I submitted an estimate for 2020 income between these two numbers, which should result in my wife and me on a paid ACA plan and my kids on Apple Health.

All looked well at first. The system let me sign my wife and me up for a subsidized ACA plan, put my kids on Apple Health, and I received insurance cards for everyone for the upcoming year.

A few weeks ago I received a notification that they needed confirmation of my income for the last 60 days from two companies: the employer I left in August, and also the company I spent three days with as a background actor. At that point I had not worked for either organization in the past 60 days. I had collected a letter confirming termination of employment from my corporate job before I left, so I sent that in plus all my pay statements for the acting gig and crossed my fingers that this would satisfy the bureaucrats.

Spoiler alert…it didn’t.

Two weeks later they sent me a notification that they had not received the requested documentation in the required timeframe and so my sons would have their health insurance canceled effective at the end of the month.

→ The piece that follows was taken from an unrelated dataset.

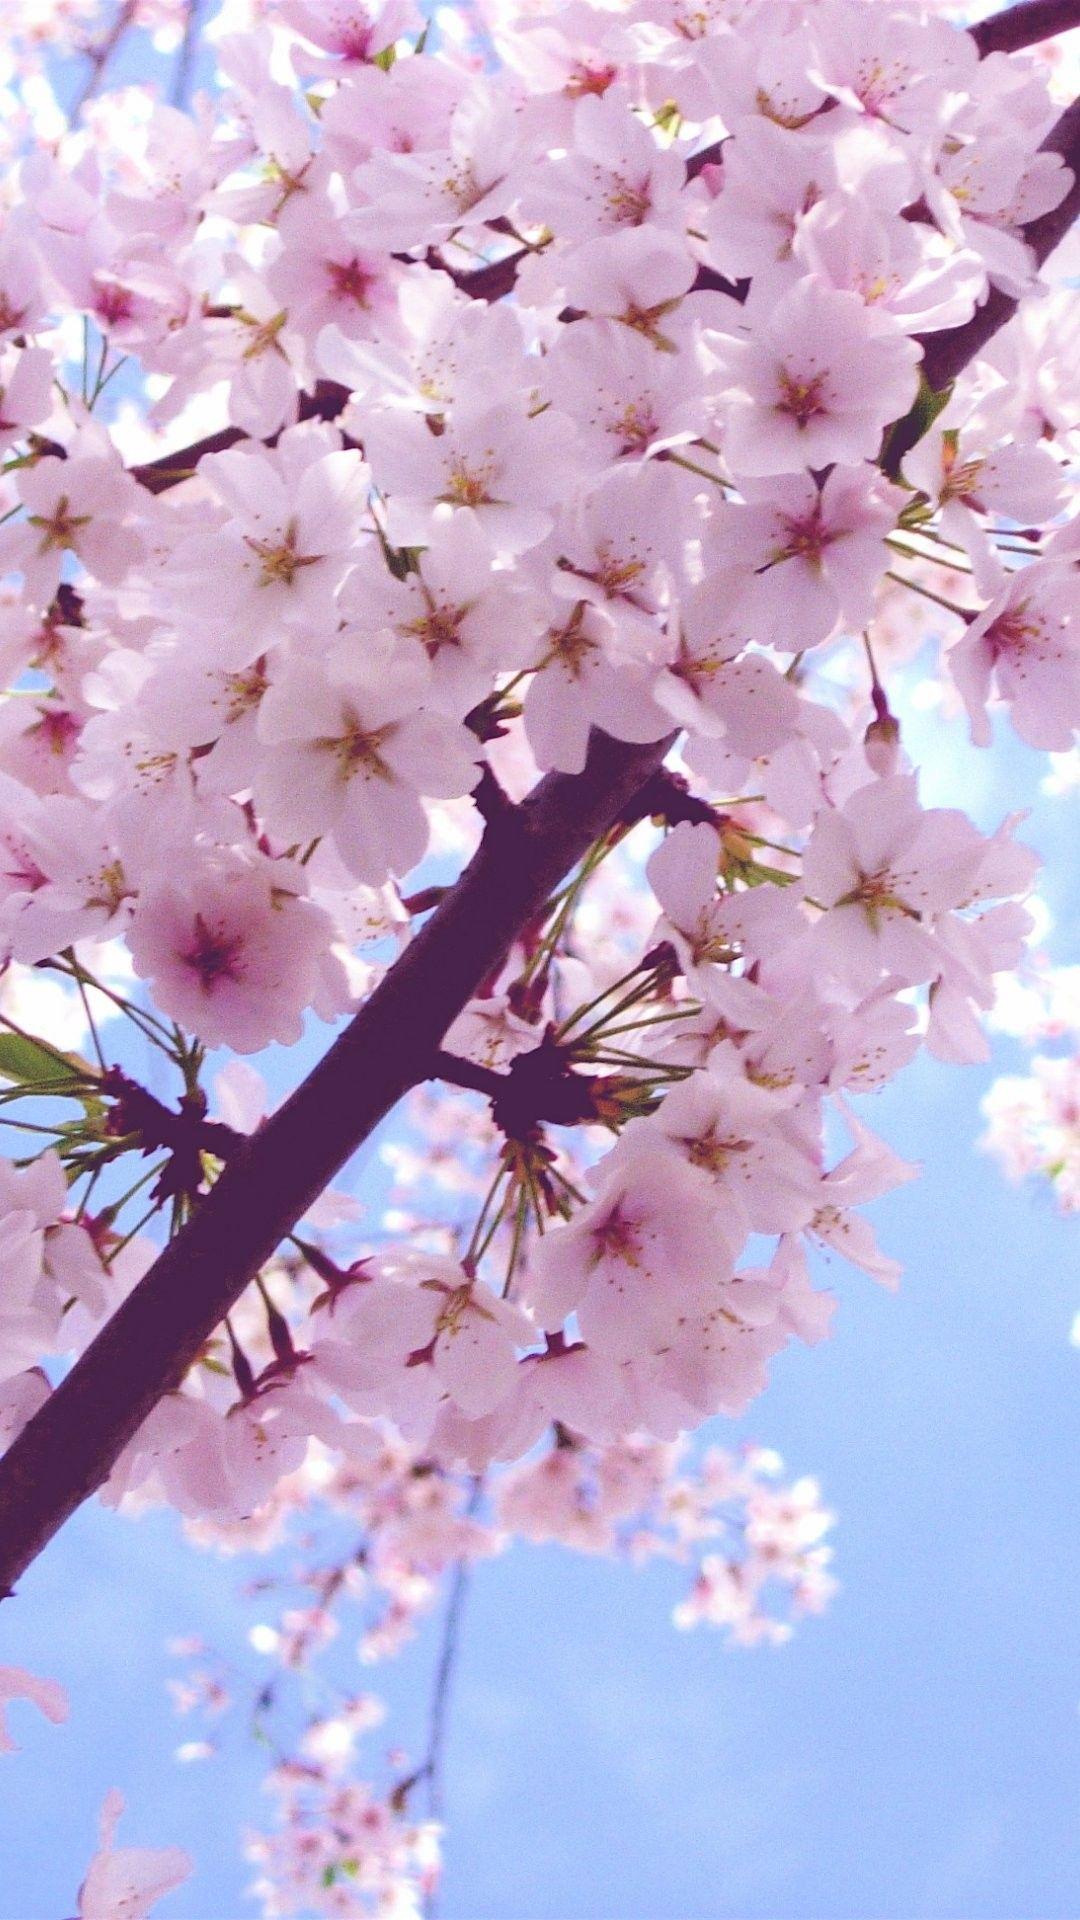 Spring Flowers Wallpaper High Resolution For Iphone Wallpaper On Hupages Com Flower Iphone Wallpaper Cherry Blossom Wallpaper Iphone Cherry Blossom Wallpaper

Needless to say, I was displeased with this. In response I (gasp) made a phone call. After explaining the situation and waiting on hold for about half an hour while they looked things over, they told me that they had verified my income based on the documents I had submitted, and that my sons should be back on Apple Health.

Fast forward to this morning and I received an email notification from the exchange, with official written documentation of the new change in our status. I logged in to look it over and discovered that not only were my sons added back to Apple Health, but my wife and I were as well! Something the phone representative did must have bumped our estimated income below the threshold, and they didn’t see fit to mention “and oh by the way we’re cancelling your private insurance and moving you to Apple Health.”